- ▸bet365 has launched its sportsbook in Michigan, marking entry into its 17th US state.
- ▸The rollout includes a partnership with the Detroit Red Wings, a prominent NHL franchise.
- ▸The company is eyeing Massachusetts as a potential 18th launch in its US expansion.
- ▸This development intensifies competition among international operators in regulated US online betting markets.
What Happened
On April 17, 2026, bet365 officially entered the Michigan sports betting market. The UK-based group, recognized globally for its online sportsbook platform, announced the launch at 9am Eastern Time. This move comes through a strategic partnership with the Detroit Red Wings, one of Michigan’s most recognized sports franchises. With this development, Michigan becomes bet365’s 17th operational state in the US regulated betting landscape. Reports also indicate that Massachusetts may soon follow as the next market for the operator’s US growth plan.
Why It Matters
bet365’s entry into Michigan marks a significant milestone in the evolution of the US sports betting landscape, particularly as international brands challenge the dominance of long-established US operators. Michigan, which legalized online sports betting in January 2021, remains one of the most competitive and high-performing US gambling markets, with a 2025 gross gaming revenue of over $2 billion for all online verticals.

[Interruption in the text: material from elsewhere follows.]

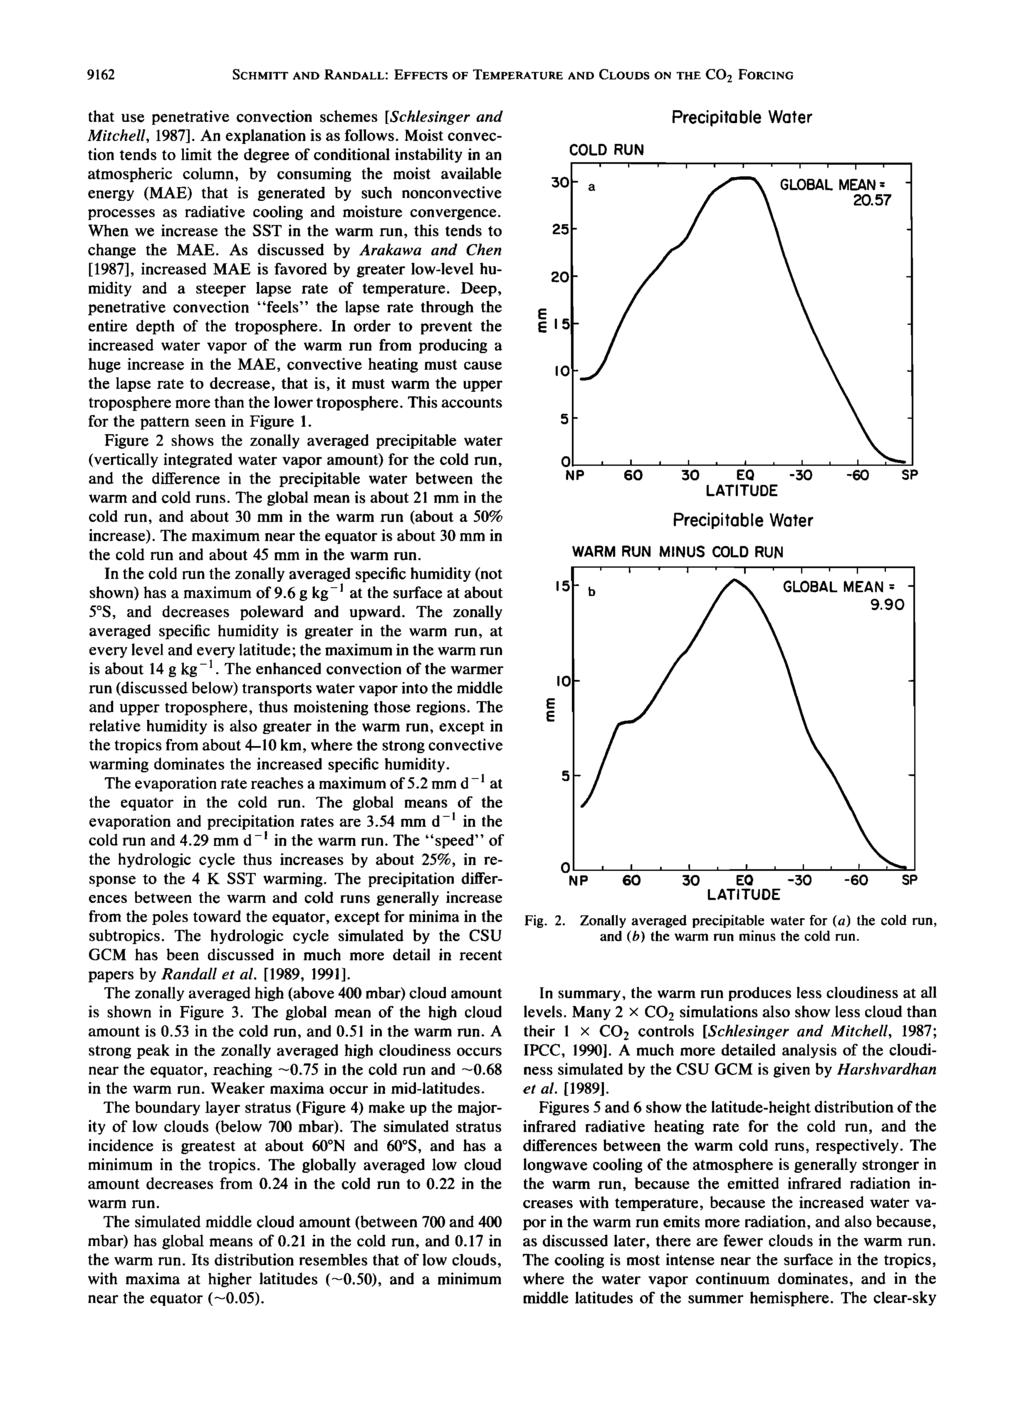 . 9162 SCHMITT AND RANDALL: EFFECTS OF TEMPERATURE AND CLOUDS ON THE CO 2 FORCING that use penetrative convection schemes [Schlesinger and Mitchell, 1987]. An explanation is as follows.

17th licensed state — Michigan further expands bet365’s US footprint, positioning it among the most widely licensed international brands in the American regulated market.
The partnership with the Detroit Red Wings not only provides marketing synergy but also aligns bet365 with one of Michigan’s most prominent sporting brands, potentially driving both player acquisition and brand awareness. This move exemplifies how major operators leverage sports franchise partnerships for rapid market penetration in states with high fan engagement.
Moreover, bet365’s aggressive state-by-state approach reflects a broader strategic response to the increasingly fragmented but lucrative American sports betting ecosystem. By moving quickly into states like Michigan, which have open market structures, the company can scale its US presence while preparing for entry into additional markets such as Massachusetts. These expansions illustrate the ongoing efforts by European online gambling leaders to secure a foothold in high-growth US jurisdictions, an effort that has produced mixed results for many due to intense competition, high customer acquisition costs, and differing regulatory landscapes.
Industry Context
The US sports betting sector continues to be shaped by ongoing state-by-state legalization, with brands like bet365, BetMGM, DraftKings, and FanDuel vying for dominance. Unlike some newer entrants, bet365 brings two decades of international sports betting experience to the table, including robust in-play betting offerings and a notable technology stack.
Michigan represents not just a valuable market in terms of player base and revenue, but also a proving ground for platform performance and local partnerships. The state’s diverse demographic profile and strong sporting culture make it an attractive launchpad. The strategic alignment with local teams, as seen with the Red Wings, is increasingly common as operators seek to differentiate themselves amid crowded app stores and fragmented customer loyalties.
The interest in Massachusetts as the company’s prospective next state indicates close attention to newly regulated territories. While Massachusetts only opened its retail and online sports betting markets in 2023, it has quickly emerged as an important market on the US East Coast. Success in such emerging markets will be critical for European brands aiming for sustainable US market share.
What Happens Next
bet365 is now live for Michigan bettors and is executing a localized marketing campaign tied to its partnership with the Detroit Red Wings. Simultaneously, preparations for a Massachusetts launch appear to be underway, likely dependent on final regulatory approval and local partnership arrangements. Industry observers will be monitoring the company’s next steps, including how effectively it can convert brand equity from its international successes into sustained US market share.